If you want a small enough chance of duplicates appearing that your code can likely ignore it (unless you have phenomenal volume), then GUIDs are probably your best bet... but these are far longer than 16 digits.

However, if you want numbers that appear at a casual glance to be random, although they are far from it, then a simple algorithm will give you all `10^16`

numbers in a random-looking order. We can achieve this by taking subsequent numbers as a linear transform of the current ones. We can multiply our current value by some number, `a`

and add another value, `b`

, then take the last 16 digits to get the next value.

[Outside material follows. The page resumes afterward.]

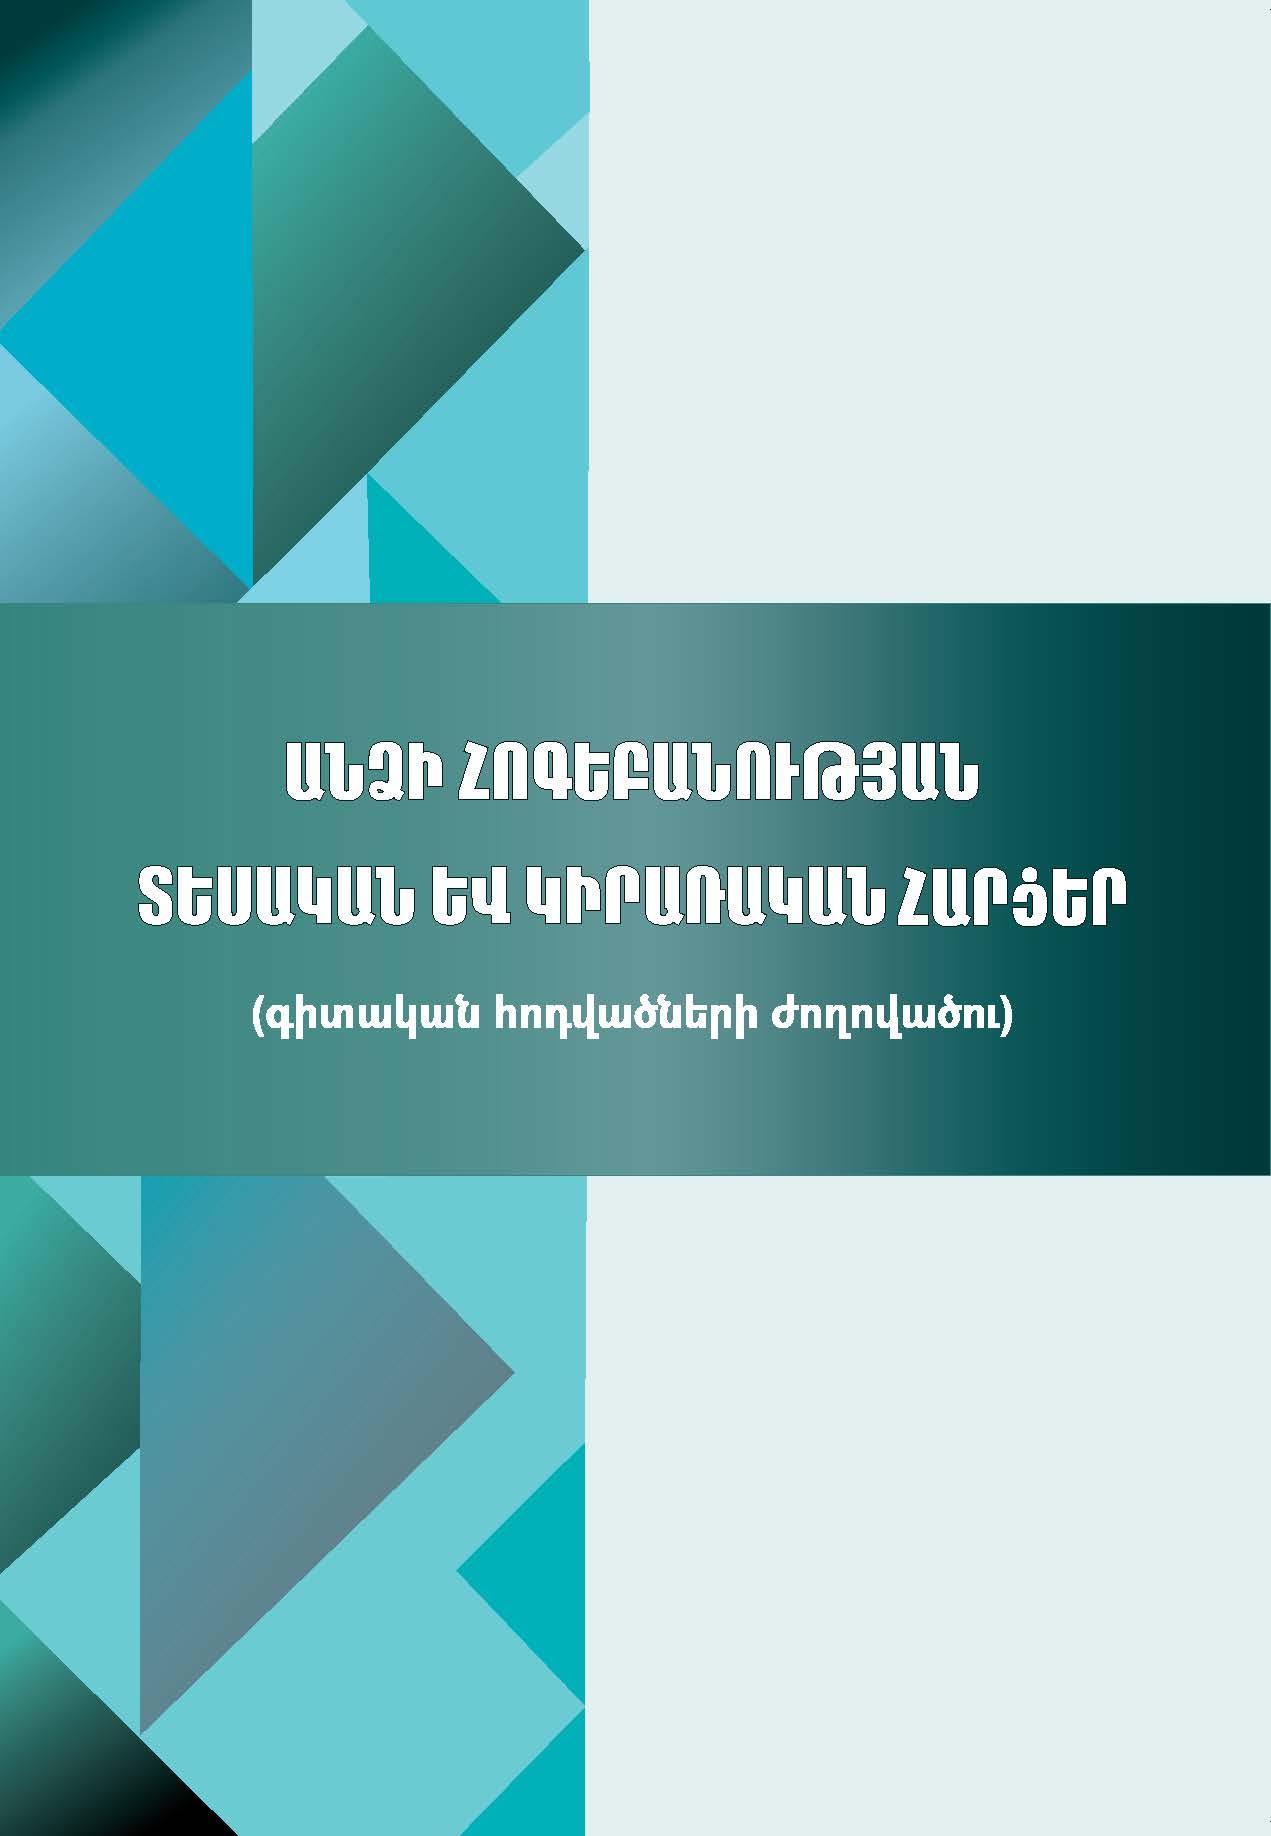 Pages from Andzi hogebanutyan tesakan ev kirarakan harcer (24) - Copy

So long as `a`

and `b`

have no common proper factors and neither has any common proper factors with 10^16, this process will cycle through all numbers from zero to `9999999999999999`

in a seemingly random order.

The easiest way to ensure there are no common factors is just to choose two 16-digit primes, which we can do at a site like https://bigprimes.org/.

If we can keep hold of or easily look up the last-used id, then we can write it like this:

```
const a = BigInt ( '7791448648907857')
const b = BigInt ( '2320712743817497')
const c = BigInt ('10000000000000000')
const nextId = (previousId) =>
((a * BigInt(previousId) + b) % c)
.toString () .padStart ('0', 16)
const lastRecord = {id: '1234567890123456', more: 'fields'}
console .log (nextId (lastRecord .id))
```

If we can't easily keep track of the last id, but can keep a sequential counter, say `n`

, we can always generate it using the formula

```
id_n = (a ** n + b * ((a ** n - 1) / (a - 1))) % c
```

That would involve efficiently managing modular exponentiation, but that's a well-solved problem and is easy enough to implement.

Don't forget that this is no only not cryptographically secure, it's far far from random. But it will give you random-looking number without repetitions.